▶ WORK INSTRUCTIONS: Using the data below, output a verbatim copy of the lines between the one holding "JUGOSLAVIJA YUGOSLAVIA 1988" and the one holding "Party nieuws: Erick", inclusive, without any pictures.

▶ SUPPLIED RECORDS:
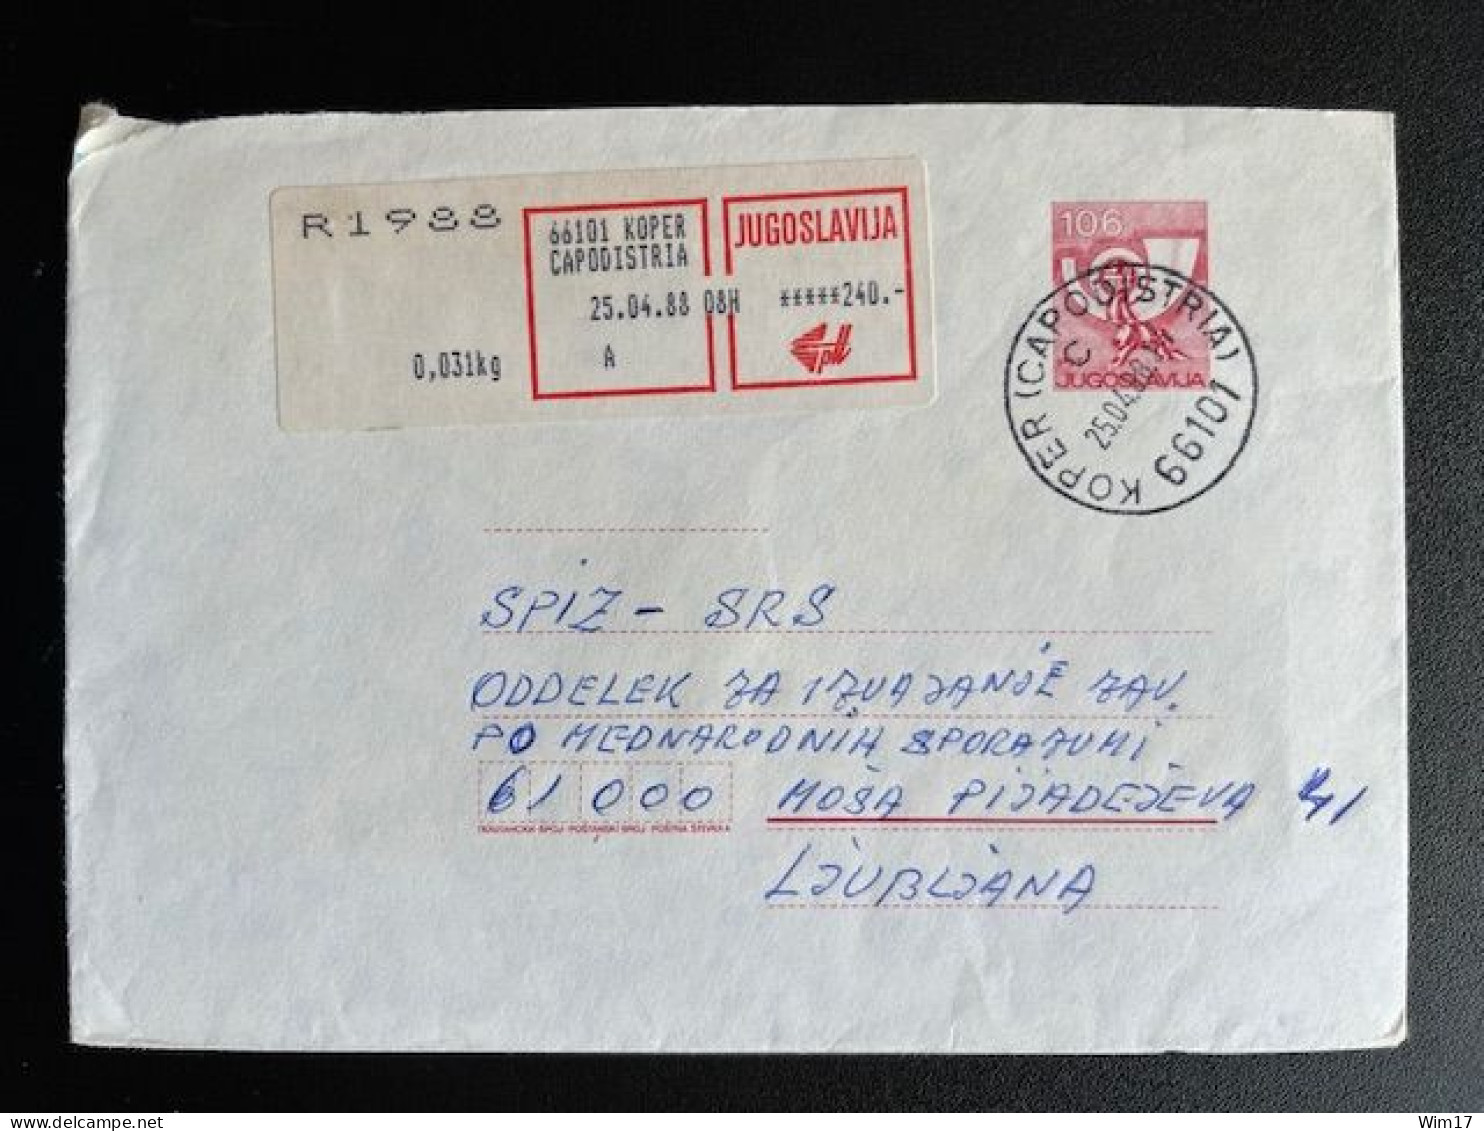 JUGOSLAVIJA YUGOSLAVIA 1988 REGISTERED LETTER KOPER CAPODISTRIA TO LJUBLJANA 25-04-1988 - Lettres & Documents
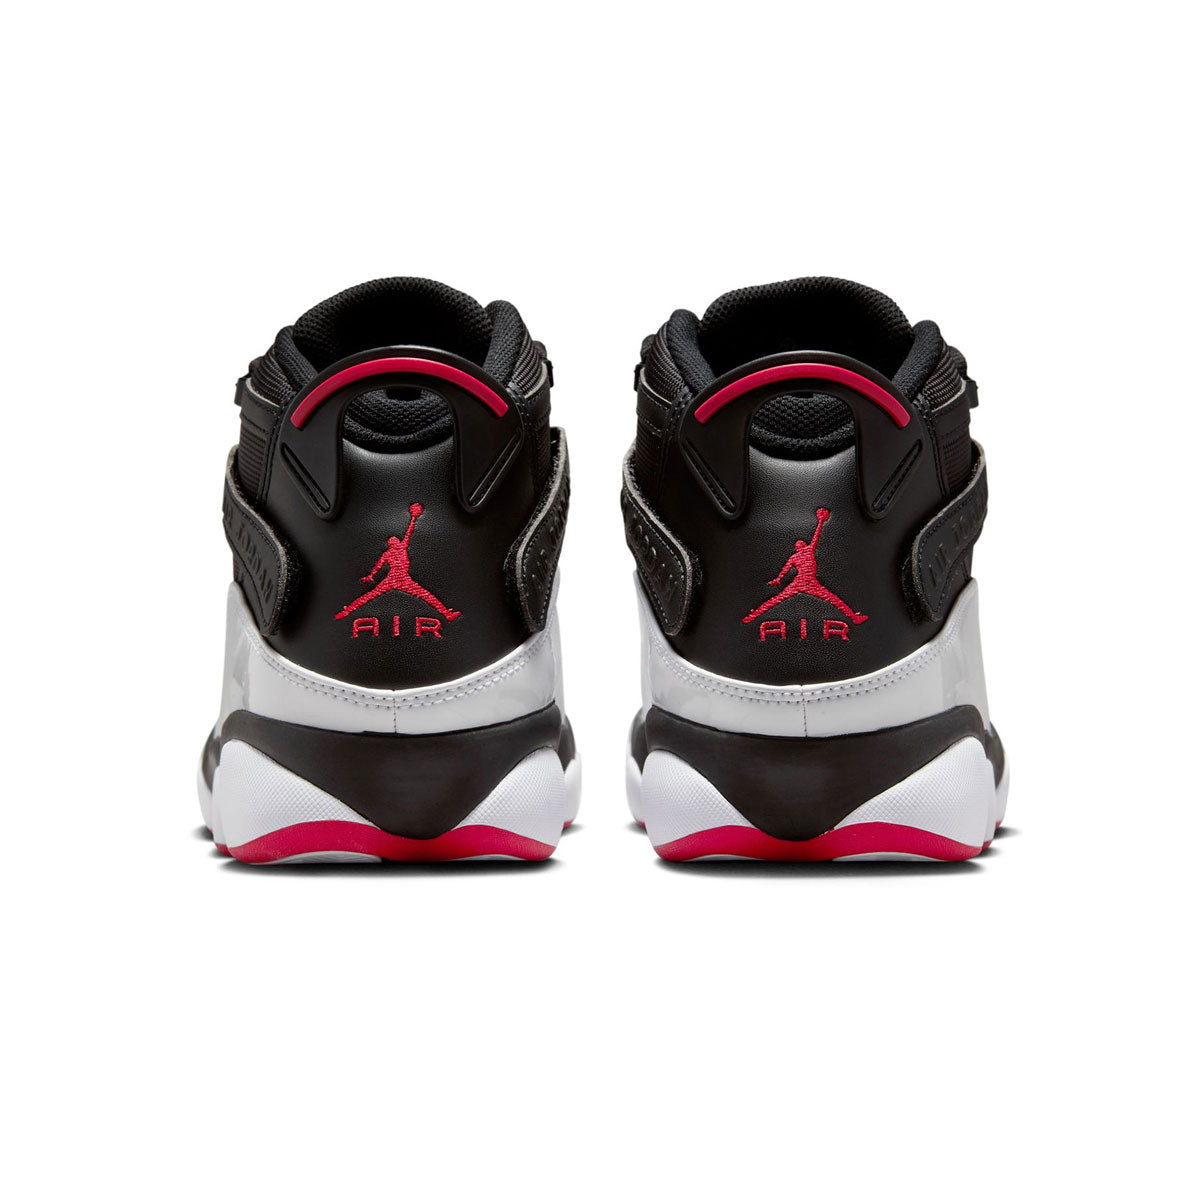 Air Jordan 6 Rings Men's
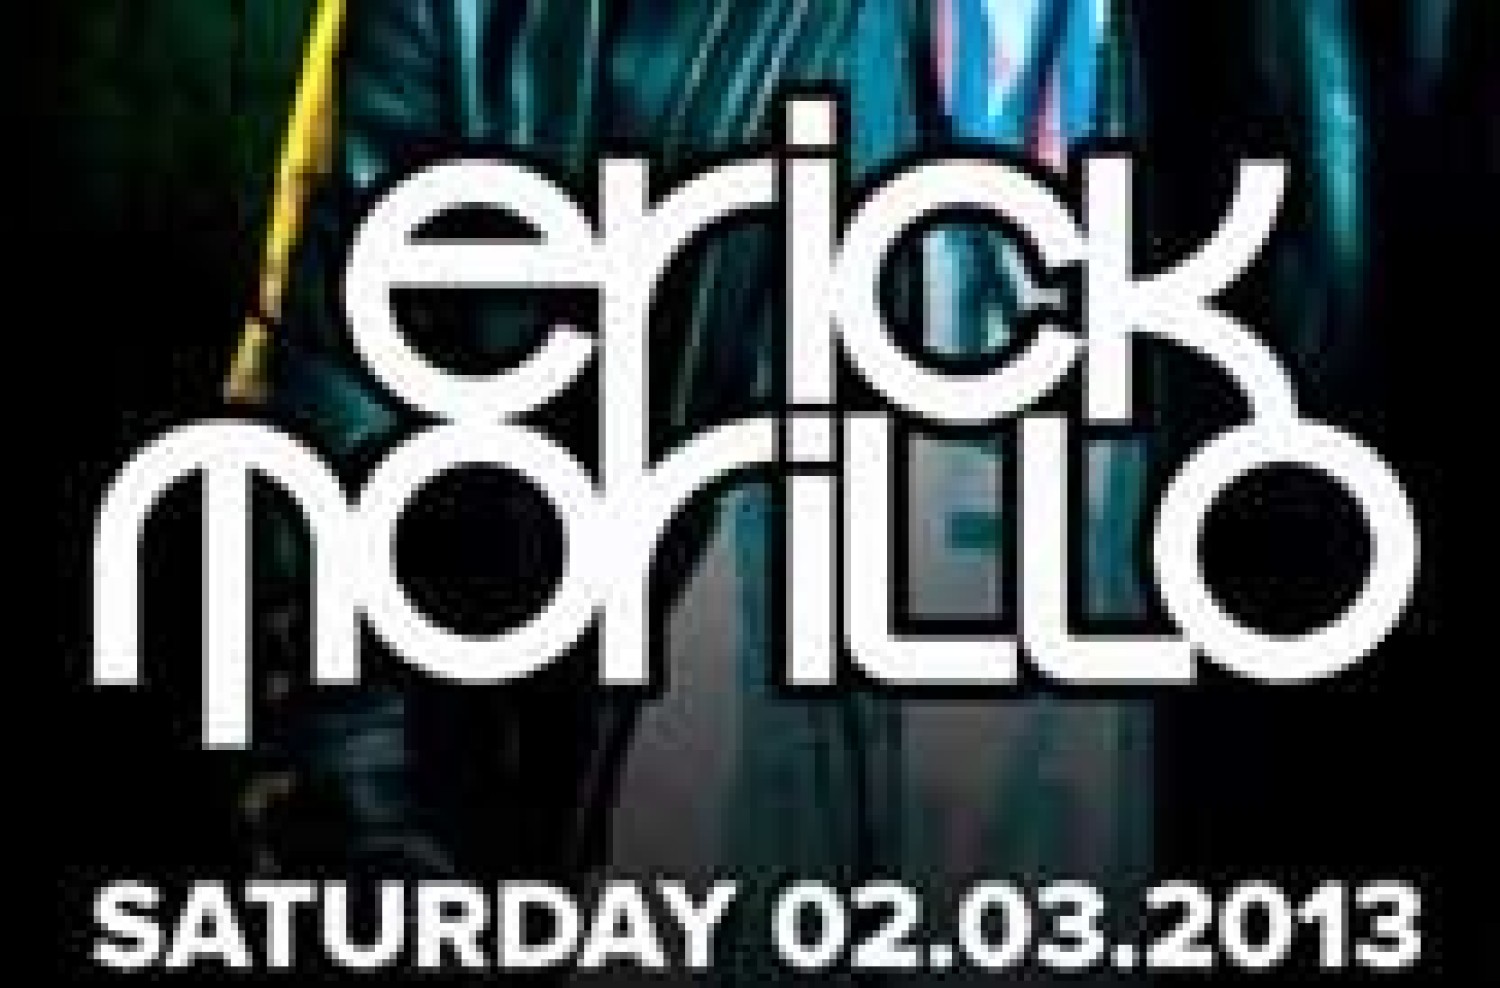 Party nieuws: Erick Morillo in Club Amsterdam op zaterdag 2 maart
==
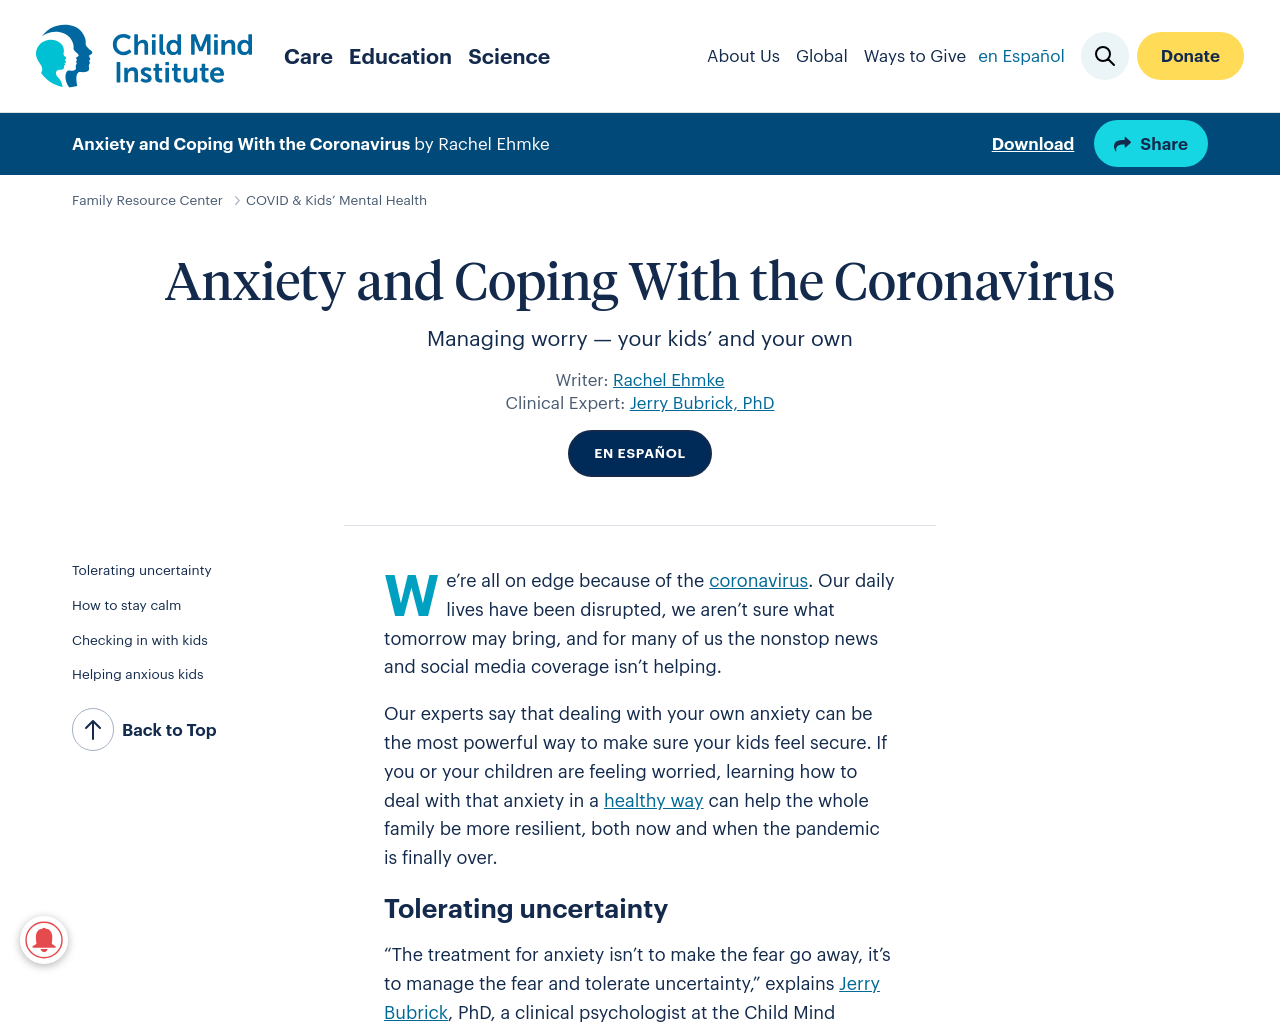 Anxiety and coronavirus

▶ EXERCISE OUTPUT:
 JUGOSLAVIJA YUGOSLAVIA 1988 REGISTERED LETTER KOPER CAPODISTRIA TO LJUBLJANA 25-04-1988 - Lettres & Documents
 Air Jordan 6 Rings Men's
 Party nieuws: Erick Morillo in Club Amsterdam op zaterdag 2 maart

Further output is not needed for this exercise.